Given that the area of T is $2k + 4$ , show that k satisfies the equation ${k^4} - 6{k^2} + 8 = 0$ .

(i) substitute into gradient $= \frac{{{y_1} - {y_2}}}{{{x_1} - {x_2}}}$     (M1)

e.g. $\frac{{f(a) - 0}}{{a - \frac{2}{3}}}$

substituting $f(a) = {a^3}$

e.g. $\frac{{{a^3} - 0}}{{a - \frac{2}{3}}}$     A1

gradient $\frac{{{a^3}}}{{a - \frac{2}{3}}}$     AG     N0

(ii) correct answer     A1     N1

e.g. $3{a^2}$ , $f'(a) = 3$ , $f'(a) = \frac{{{a^3}}}{{a - \frac{2}{3}}}$

(iii) METHOD 1

evidence of approach     (M1)

e.g. $f'(a) = {\rm{gradient}}$ , $3{a^2} = \frac{{{a^3}}}{{a - \frac{2}{3}}}$

simplify     A1

e.g. $3{a^2}\left( {a - \frac{2}{3}} \right) = {a^3}$

rearrange     A1

e.g. $3{a^3} - 2{a^2} = {a^3}$

evidence of solving     A1

e.g. $2{a^3} - 2{a^2} = 2{a^2}(a - 1) = 0$

$a = 1$     AG     N0

METHOD 2

gradient RQ $= \frac{{ - 8}}{{ - 2 - \frac{2}{3}}}$     A1

simplify     A1

e.g. $\frac{{ - 8}}{{ - \frac{8}{3}}},3$

evidence of approach     (M1)

e.g. $f'(a) = {\rm{gradient}}$ , $3{a^2} = \frac{{ - 8}}{{ - 2 - \frac{2}{3}}}$ , $\frac{{{a^3}}}{{a - \frac{2}{3}}} = 3$

simplify     A1

e.g. $3{a^2} = 3$ , ${a^2} = 1$

$a = 1$     AG     N0

[7 marks]

approach to find area of T involving subtraction and integrals    (M1)

e.g. $\int {f - (3x - 2){\rm{d}}x}$ , $\int_{ - 2}^k {(3x - 2) - \int_{ - 2}^k {{x^3}} }$ , $\int {({x^3} - 3x + 2)}$

correct integration with correct signs     A1A1A1

e.g. $\frac{1}{4}{x^4} - \frac{3}{2}{x^2} + 2x$ , $\frac{3}{2}{x^2} - 2x - \frac{1}{4}{x^4}$

correct limits $- 2$ and k (seen anywhere)     A1

e.g. $\int_{ - 2}^k {({x^3} - 3x + 2){\rm{d}}x}$ , $\left[ {\frac{1}{4}{x^4} - \frac{3}{2}{x^2} + 2x} \right]_{ - 2}^k$

attempt to substitute k and $- 2$     (M1)

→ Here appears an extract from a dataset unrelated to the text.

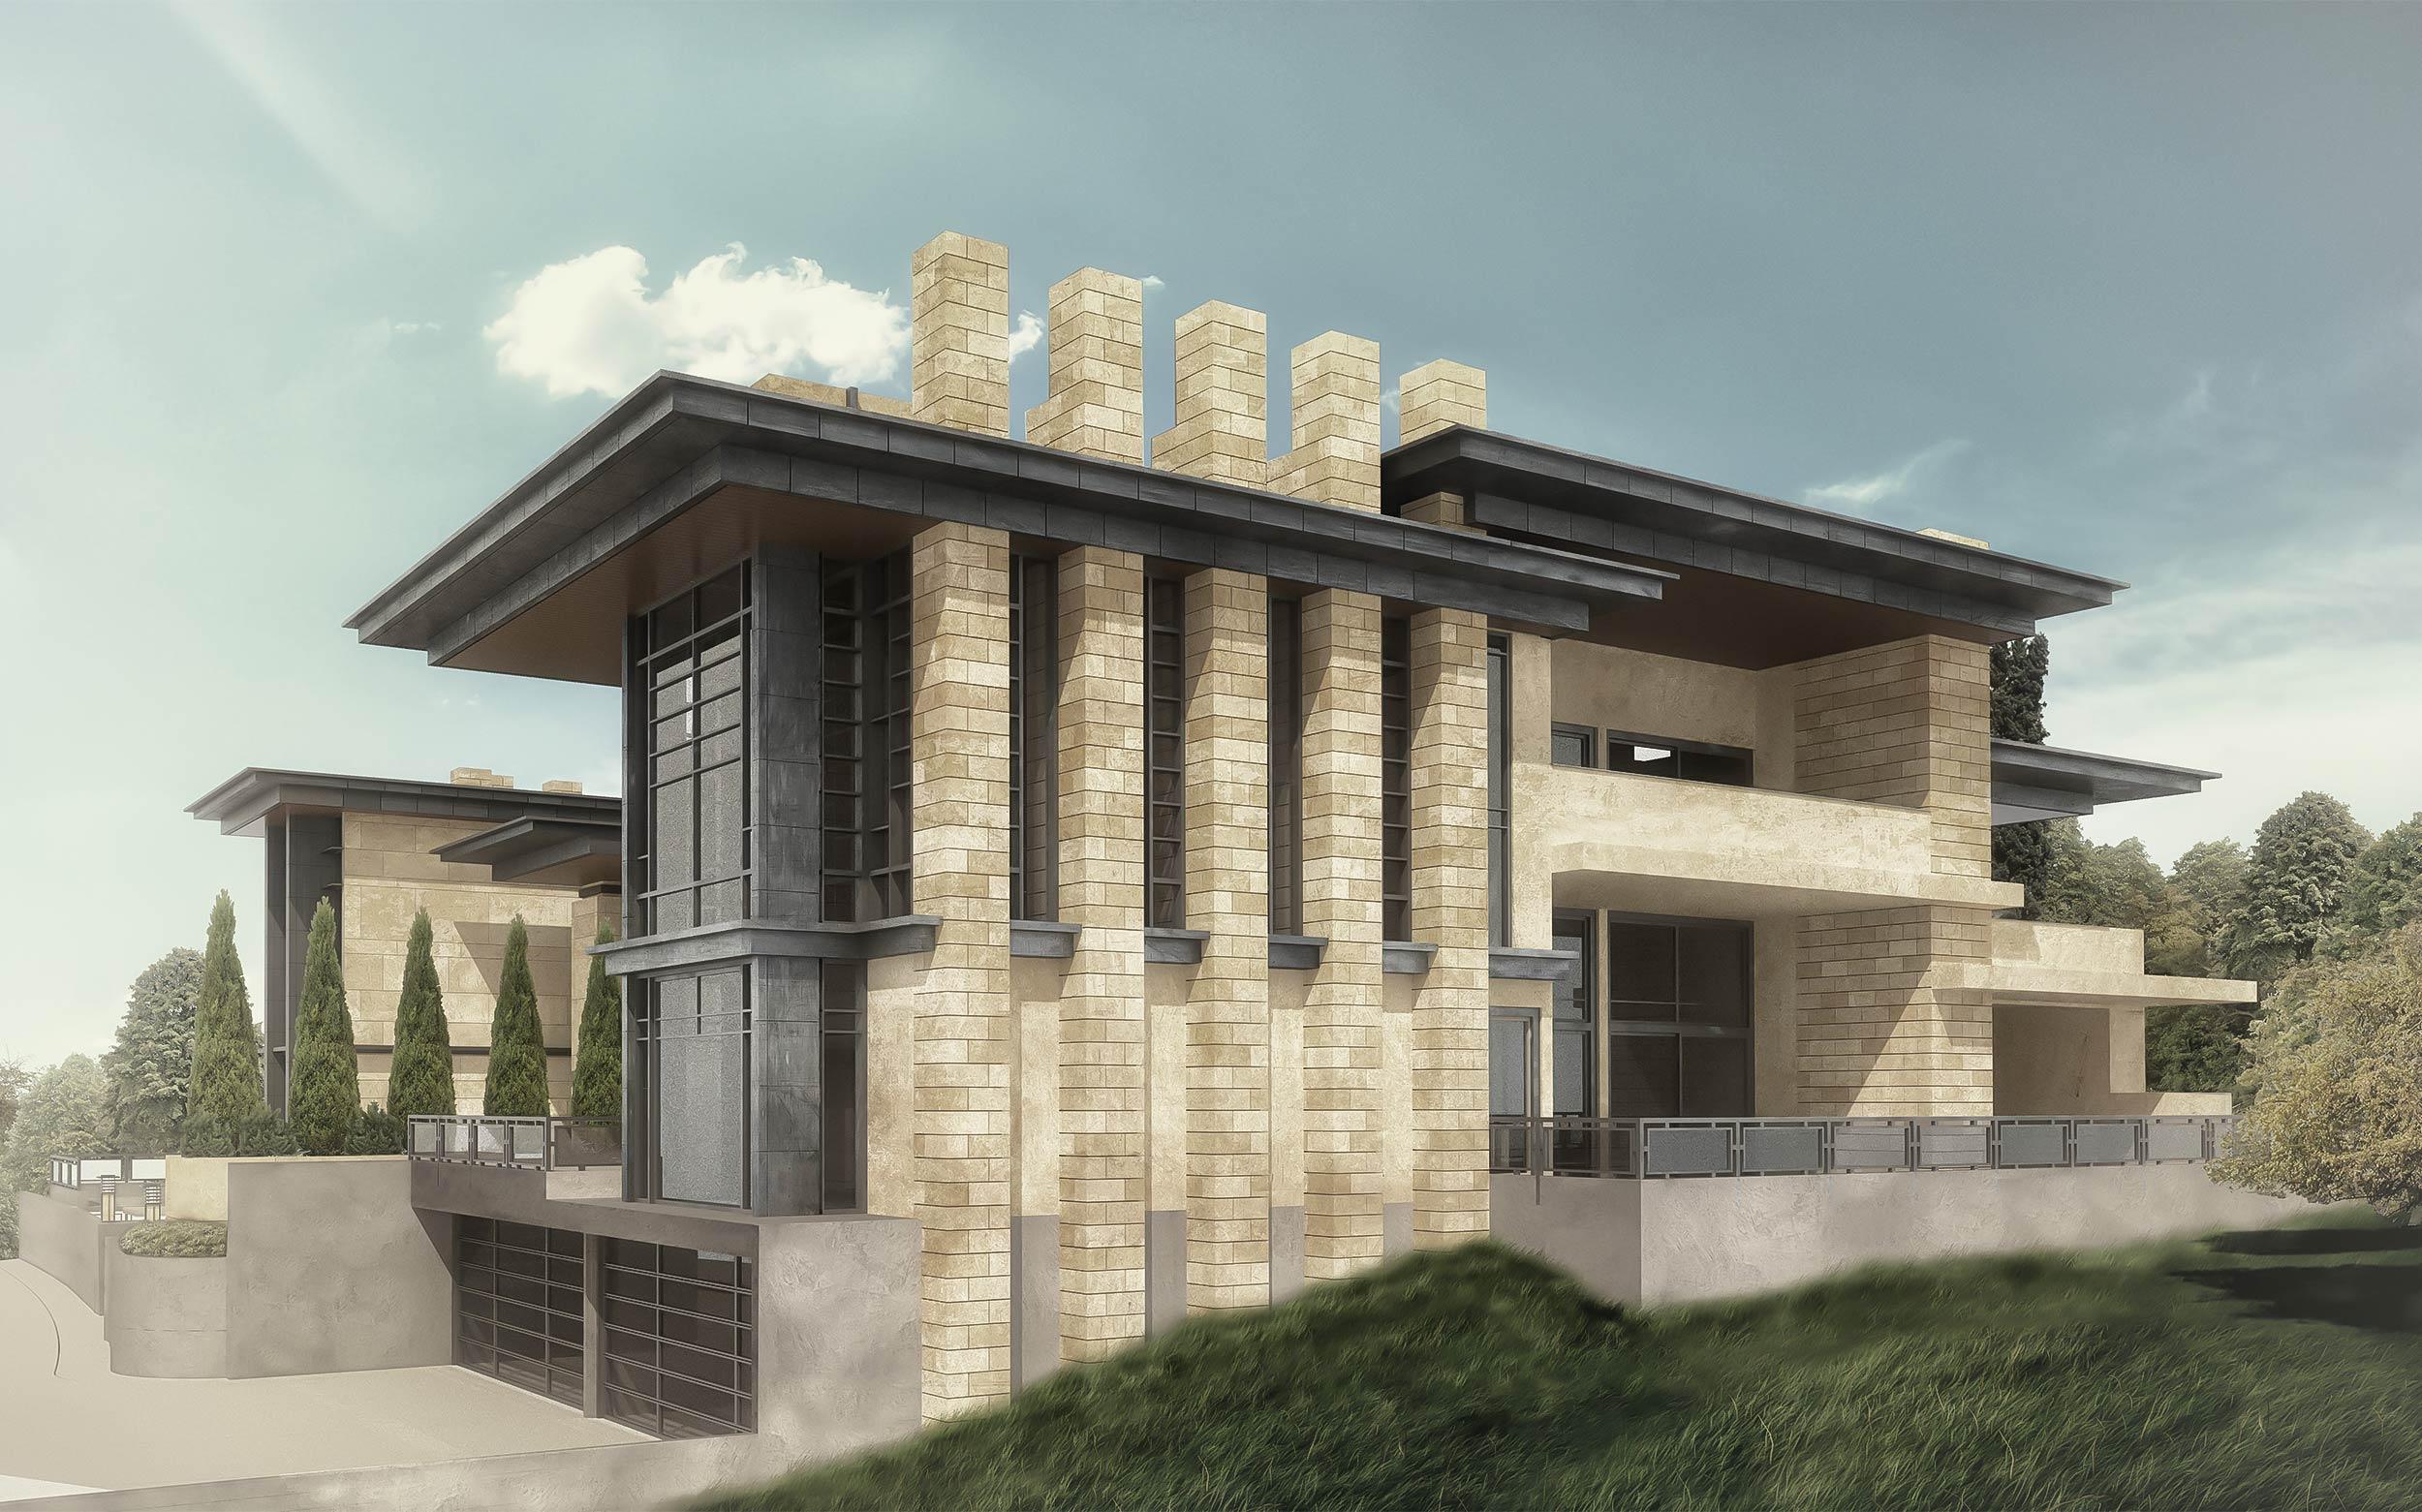 malibu-house-archillusion-design-01.jpg
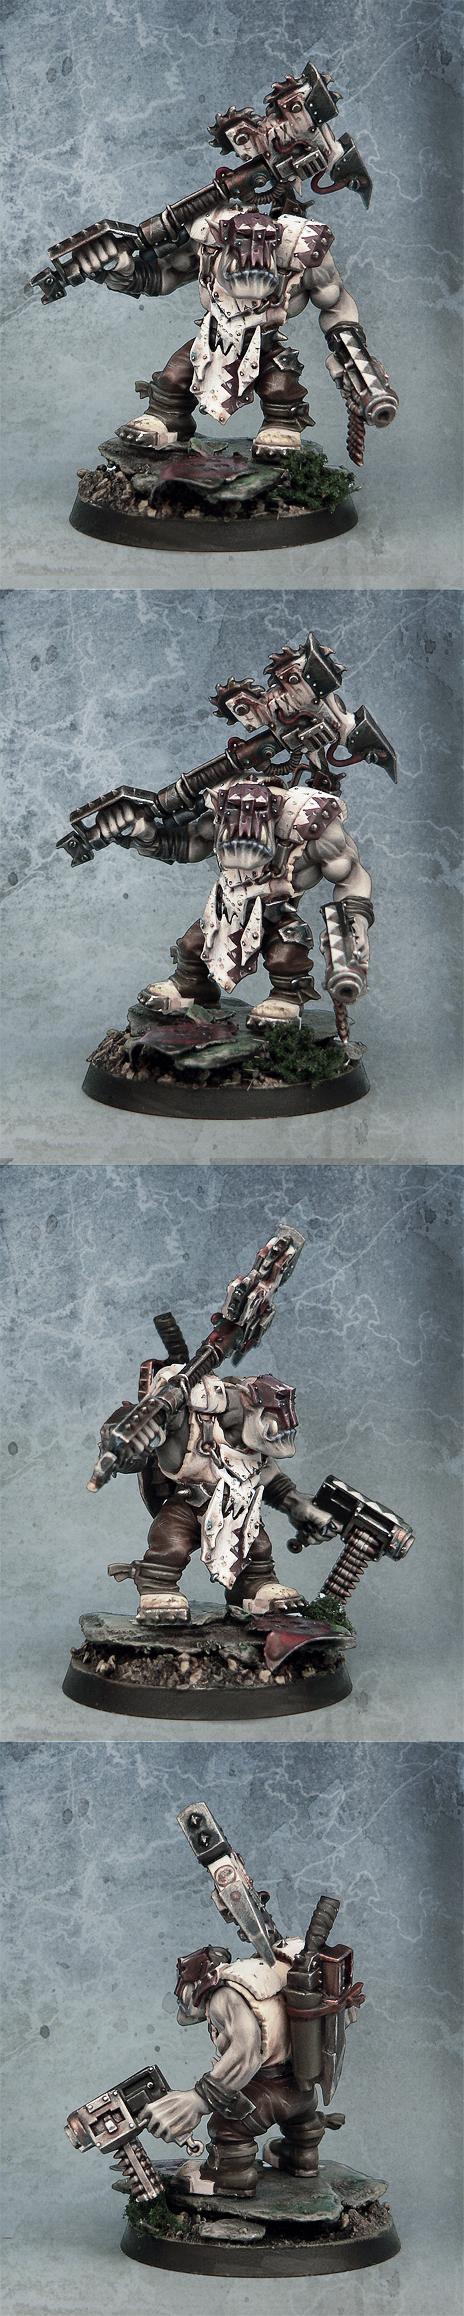 Albino, Axe, Nob, Orks, Warhammer 40,000

correct substitution into their integral if 2 or more terms     A1

e.g. $\left( {\frac{1}{4}{k^4} - \frac{3}{2}{k^2} + 2k} \right) - (4 - 6 - 4)$

setting their integral expression equal to $2k + 4$ (seen anywhere)     (M1)

simplifying     A1

e.g. $\frac{1}{4}{k^4} - \frac{3}{2}{k^2} + 2 = 0$

${k^4} - 6{k^2} + 8 = 0$     AG     N0

[9 marks]

Part (a) seemed to be well-understood by many candidates, and most were able to earn at least partial marks here. Part (ai) was a "show that" question, and unfortunately there were some candidates who did not show how they arrived at the given expression.

In part (b), the concept seemed to be well-understood. Most candidates saw the necessity of using definite integrals and subtracting the two functions, and the integration was generally done correctly. However, there were a number of algebraic and arithmetic errors which prevented candidates from correctly showing the desired final result.